Saint-Marin joue son requiem pour la vie

Le journal progressiste Il fatto Quotidiano appelait Saint-Marin à un rendez-vous avec l’Histoire : du point de vue catholique, c’est plutôt à un requiem pour la vie que nous a conviés la petite république enclavée dans les montagnes entre l’Emilie-Romagne et les Marches.

Il aura fallu attendre quarante-trois années après l’adoption par l’Italie de la loi sur l’interruption volontaire de grossesse (IVG) pour que les citoyens de Saint-Marin soient appelés à se prononcer par référendum sur cette question.

Au cours des sept dernières années, l’Union des femmes de Saint-Marin a usé de divers instruments fournis par la démocratie sammarinaise pour promouvoir l’avortement : les Instances d’Arengo (demandes d’intérêt public) et deux projets de loi d’initiative populaire, en 2014 et en 2019.

En 2020 l’association obtient un référendum, en recueillant les 3 000 signatures nécessaires pour y accéder.

« Nous subissons une grande pression », déclarait, la veille du scrutin, Karen Pruccoli, présidente de l’Union des sociaux-démocrates qui soutenait le texte.

Et d’ajouter : « le comité du ‘non’ a, à ses côtés, la plus grande partie du pays, les démocrates-chrétiens, le diocèse, l’évêque, les scouts (…) toute l’Eglise et aussi le pape. Si nous gagnons, ce sera une vraie victoire ».

Malgré tout, la dépénalisation de l’avortement a été plébiscitée à plus de 77,3%, en ce 26 septembre 2021.
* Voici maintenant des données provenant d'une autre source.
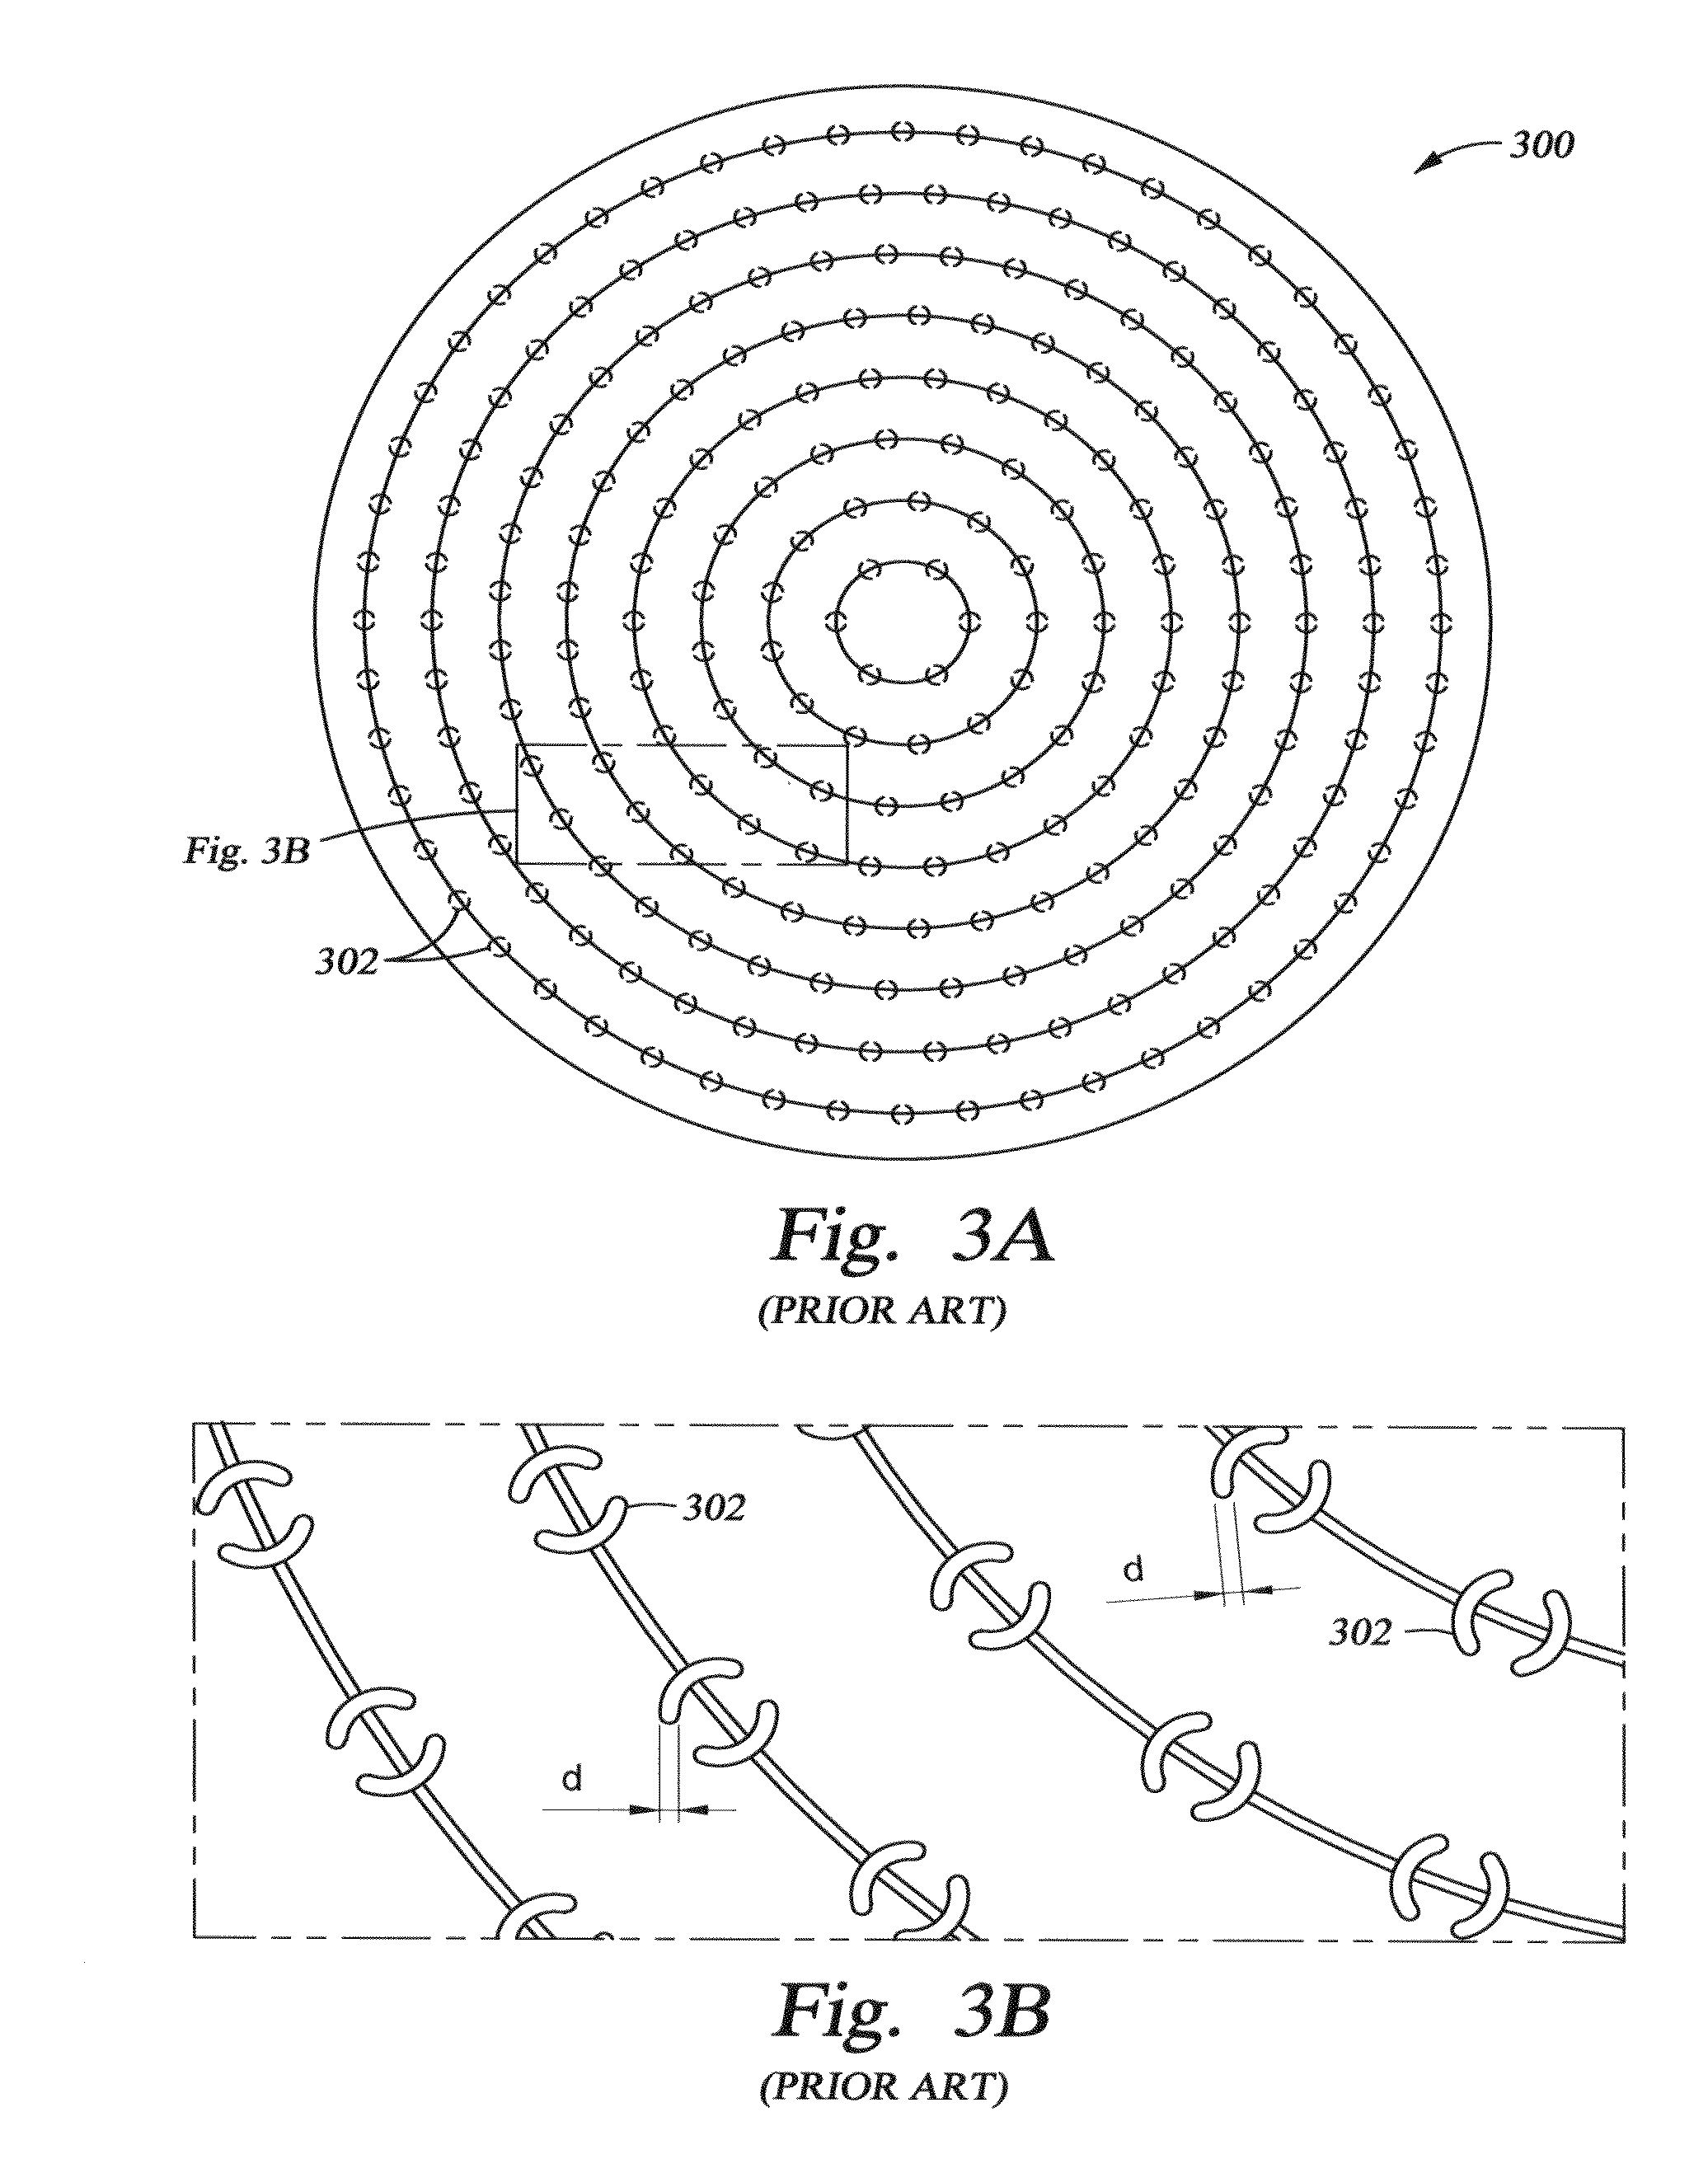 Chemical treatment to reduce machining-induced sub-surface damage in semiconductor processing components comprising silicon carbide

Une « victoire » qu’il convient toutefois de nuancer, étant donné que seuls 41% des inscrits se sont déplacés dans les bureaux de vote : les militants du droit à la vie de l’enfant à naître n’ont probablement pas su rassembler leurs partisans, dans cette république où le poids du catholicisme est censé être encore important.
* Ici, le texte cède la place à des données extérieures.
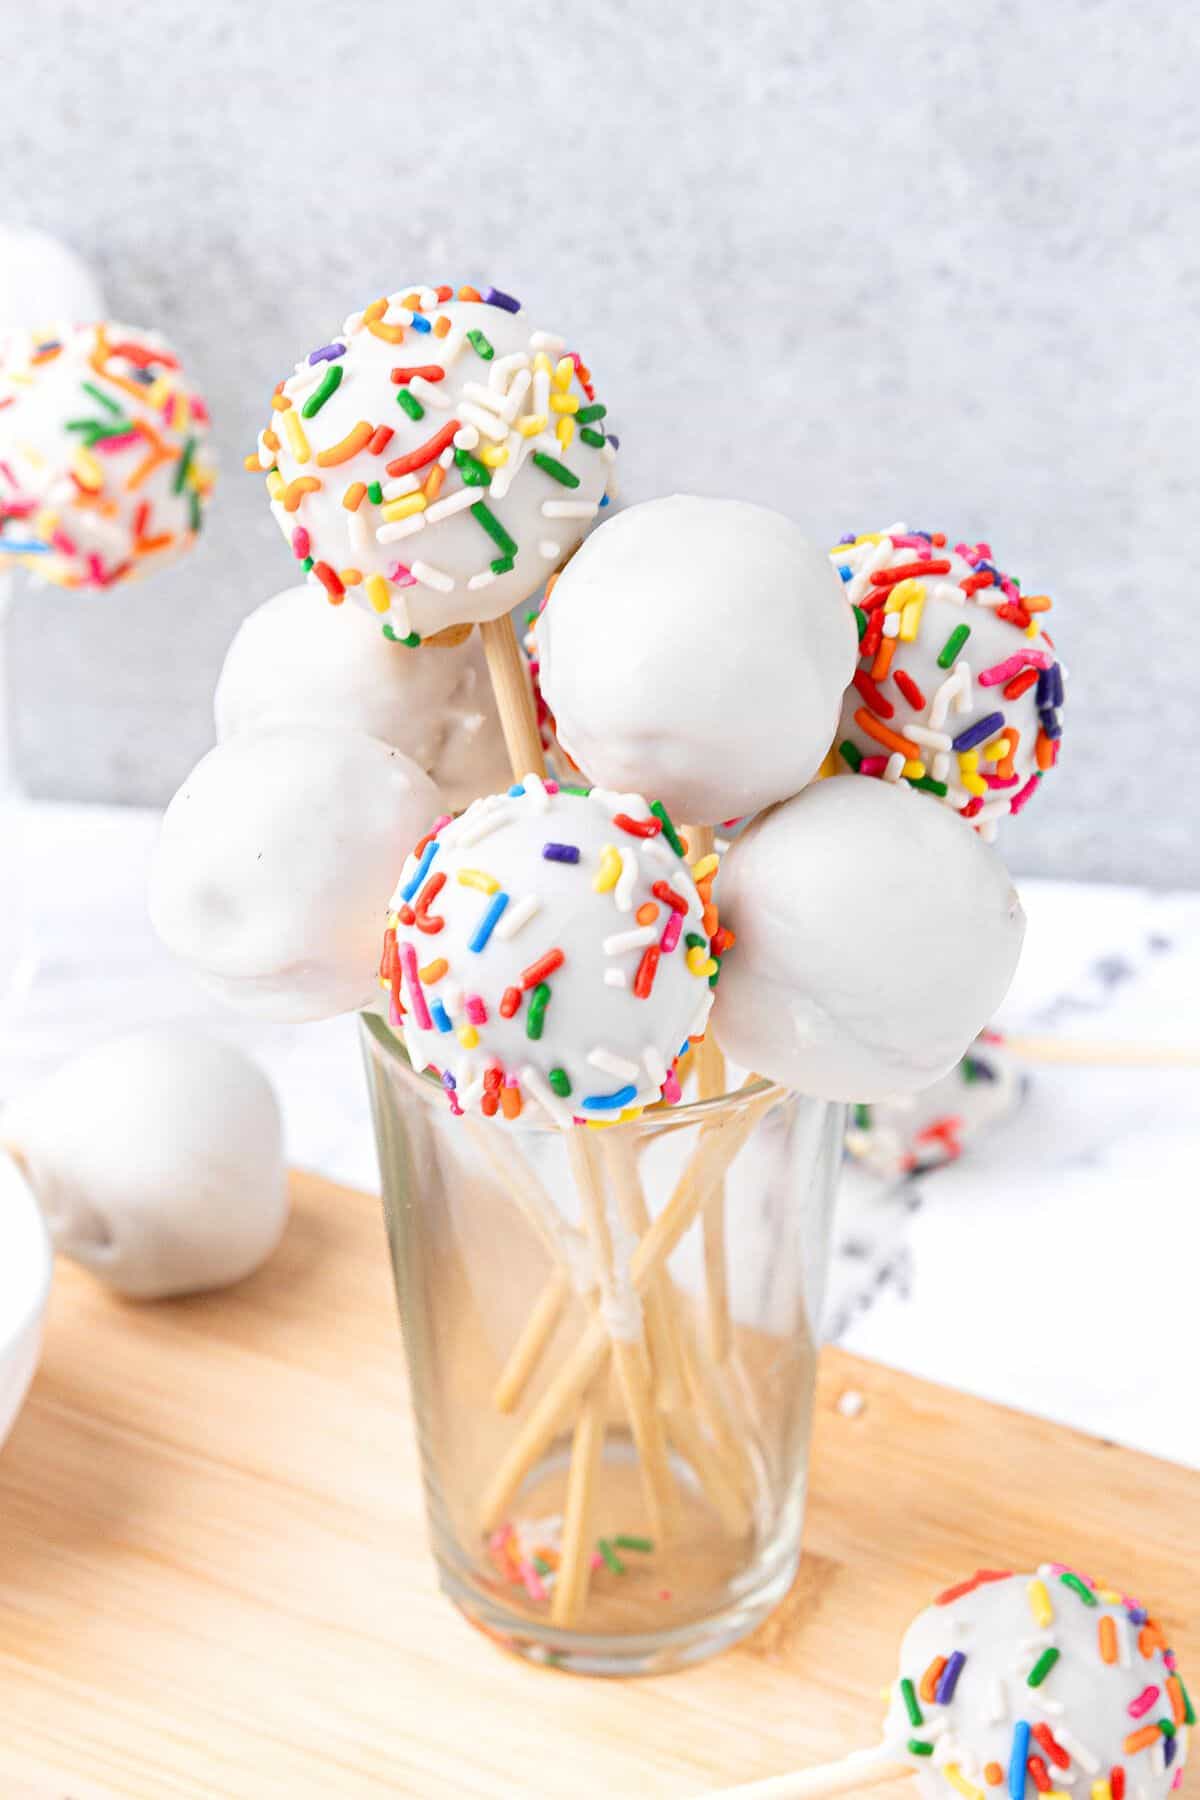 Starbucks copycat cake pops in a glass with more cake pops around. Some decorated with colored sprinkles.

Faut-il voir dans ce résultat la désaffection dramatique des catholiques pour leur foi, sous l’effet des équivoques répétées de la hiérarchie sur la doctrine ? Ou une application de la miséricorde aux femmes enceintes au détriment – mortel – du « fruit de leurs entrailles » ?
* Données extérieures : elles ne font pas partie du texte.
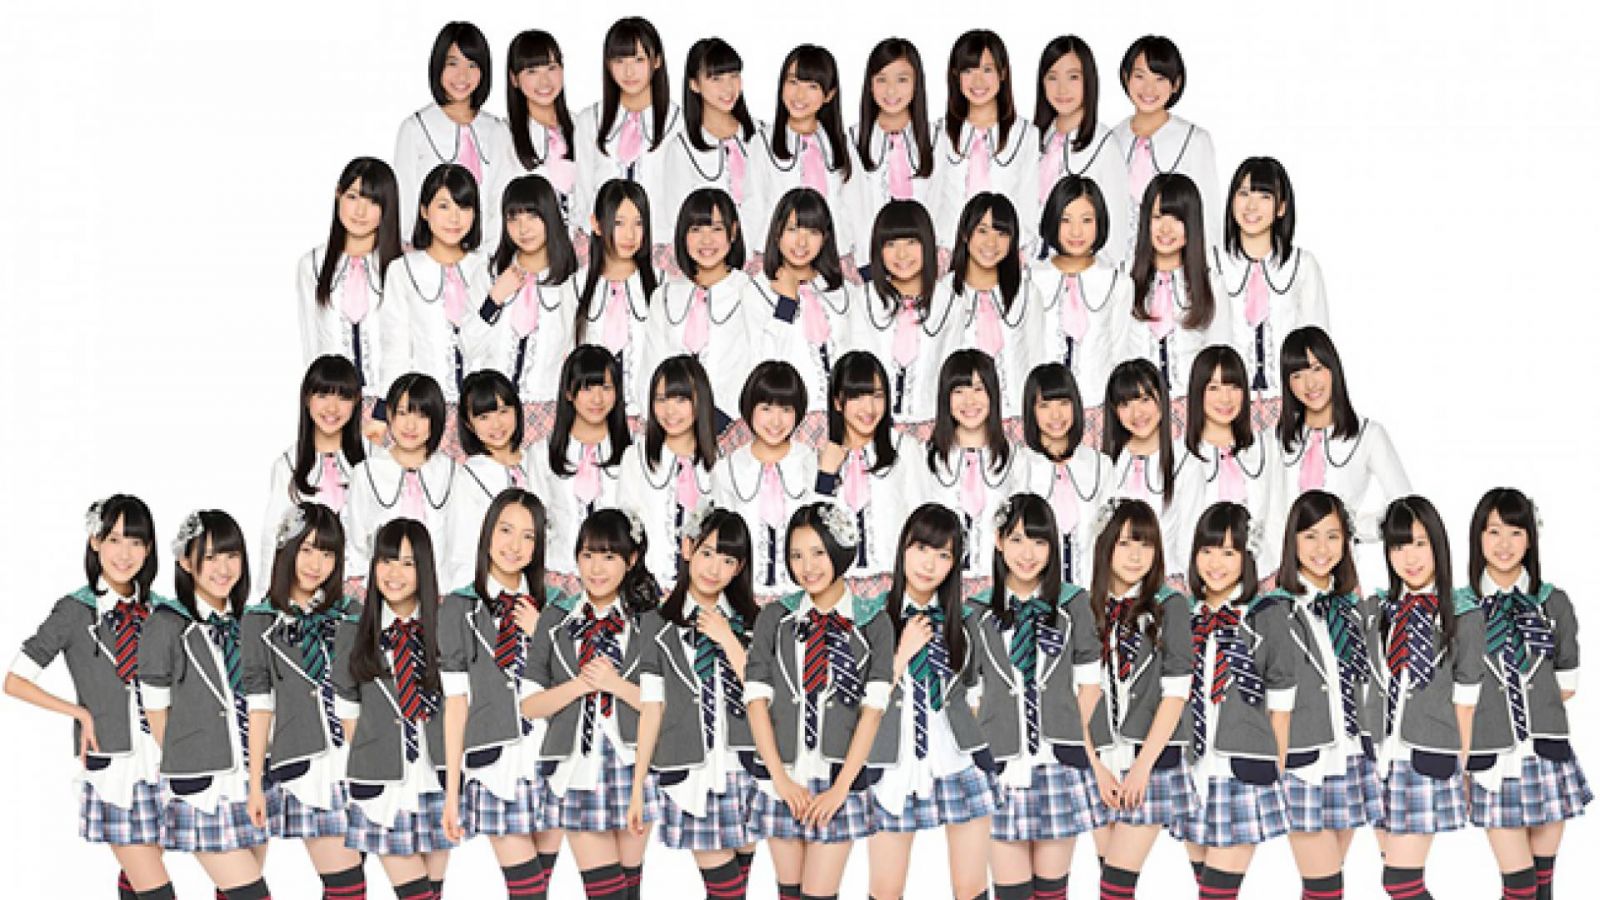 HKT48 mit neuer Single © Universal Music Japan, all rights reserved

Quoi qu’il en soit, jusqu’ici, l’IVG était sévèrement réprimée à Saint-Marin, par une loi de 1865, punissant de six mois à trois ans de prison la contrevenante.

Une interdiction qui n’était plus appliquée depuis longtemps dans les faits : les femmes de Saint-Marin n’avaient qu’à faire quelques kilomètres pour aller avorter, à leurs frais, en Italie.

Avec le référendum du 26 septembre dernier, il ne subsiste plus en Europe que trois entités territoriales interdisant l’IVG : Malte, la principauté d’Andorre, et la cité du Vatican.